Sketchbook Brewing expands with new Tap Room


Keshia Johnson/The Daily Northwestern

The Tap Room, an extension of Sketchbook Brewing Co., opened Friday at 821 Chicago Ave. The new space currently offers 11 different beers on tap and free Wi-Fi.

Nora Shelly, Assistant City Editor

Cesar Marron and Shawn Decker were tired of working out of an alley.

That’s why the two managing partners of Sketchbook Brewing Co., 821 Chicago Ave., decided to open up the Tap Room, an add-on to their existing brewery at the same south Evanston location. Since the new space opened last Friday, their business now has a street-level entrance on Chicago Avenue, so customers won’t have to navigate through an alley to find the brewery’s entrance.

Marron said they had always wanted to expand their business but didn’t have the space to do it. He said the Tap Room was created as a space for community gathering.

“We’re hoping it becomes a neighborhood meeting spot for people who are interested in hanging out and meeting friends and discussing things,” Decker said. “We’re trying to have a place where conversation is foremost.”

The Tap Room currently has 11 different beers on tap, as well as free Wi-Fi, and features rotating work from local artists on its walls. Customers can bring their own food to the Tap Room or buy sandwiches and brownies made at Hewn Bakery, 810 Dempster St. The space will be open from Tuesday through Sunday.

Sketchbook first opened in 2014, with a focus on promoting sustainability and establishing a relaxed community space in the south Evanston neighborhood. The business follows a community-supported brewery model, meaning patrons can buy six-month or year-long memberships to get pints or growlers of beer at a discounted price, Marron said.

“We had constant positive feedback from our neighbors,” said Marron. “We had (an expansion) in mind from the beginning.”

Marron said the Tap Room was created with the neighborhood in mind, aiming to make itself a trademark of the area — similar to establishments such as the Piccolo Theatre, 600 Main St. and Dollop Coffee and Hoosier Mama Pie Co., 749 Chicago Ave.

Their business would not be successful without those other businesses in the area, Marron said.

“South Evanston … is becoming more and more invigorating right now,” he said. “To be a hotspot you have to have other things to complement it.”

Julie Matthei, co-owner of Hewn, said in her experience as a business owner in the city, Evanston businesses are traditionally supportive of one another.

For example, Hewn uses Sketchbook’s beer and spent grains from the brewing process in some of their breads.

“We have a lot of ties to food and beverage establishments right here in Evanston,” Matthei said. “It only helps business when you work together and collaborate on things. We share a lot of customers, and people who love our bread also love Sketchbook’s beer.”

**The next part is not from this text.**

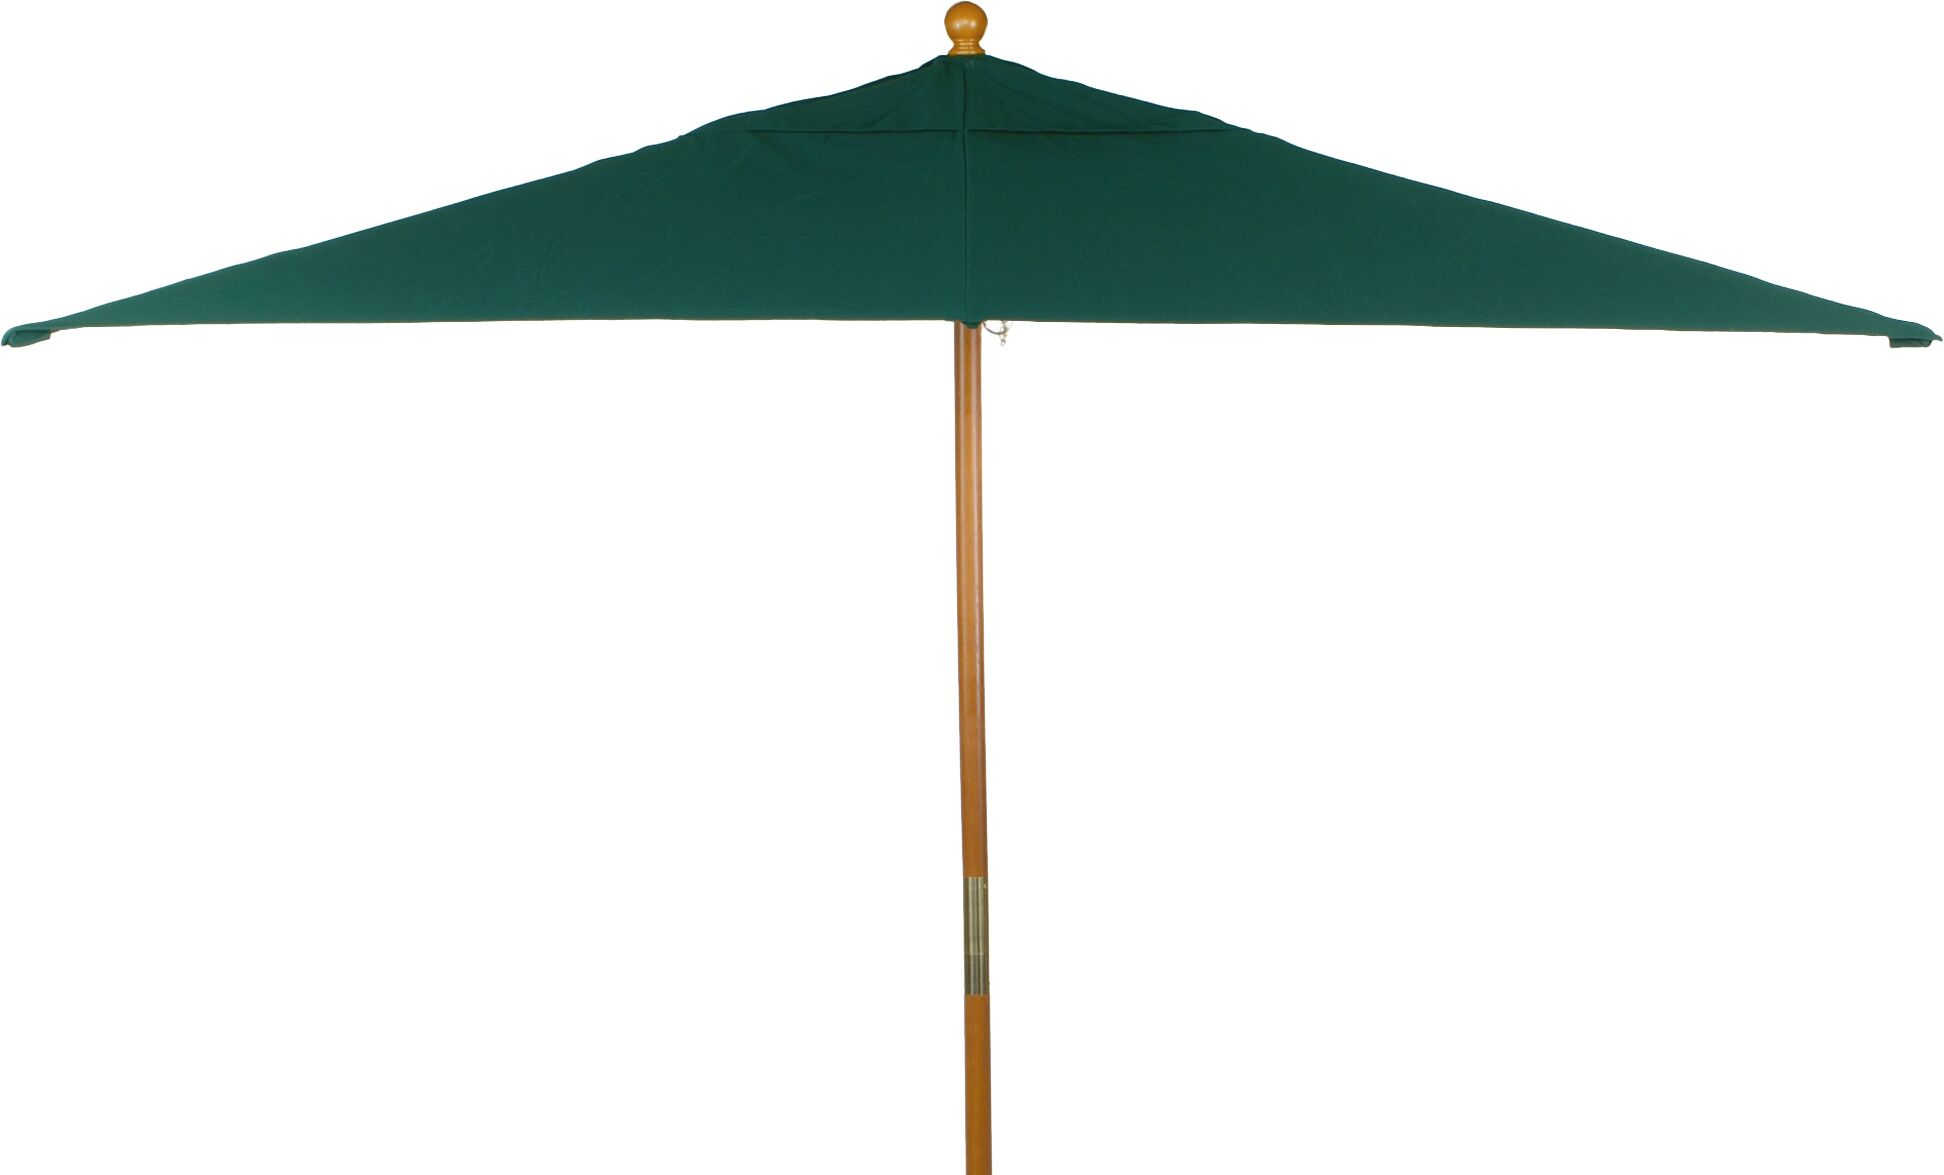 Harpersfield 10' X 6' Rectangular Market Umbrella Fabric: Hunter

Decker said the emphasis on sustainability is key to their business plan. The Tap Room includes a bar and table tops made from a decommissioned bowling alley, vintage bar stools and elements from a 19th-century home. Apart from the Tap Room, Decker said sustainability has informed a lot of their business decisions.

“For me it was a big factor in deciding to put all the energy into setting up this brewery — the issue of sustainability and localness,” he said. “This business model of going into business primarily as a local brewery, not as somebody that’s regional but rather somebody that is embedded in that neighborhood.”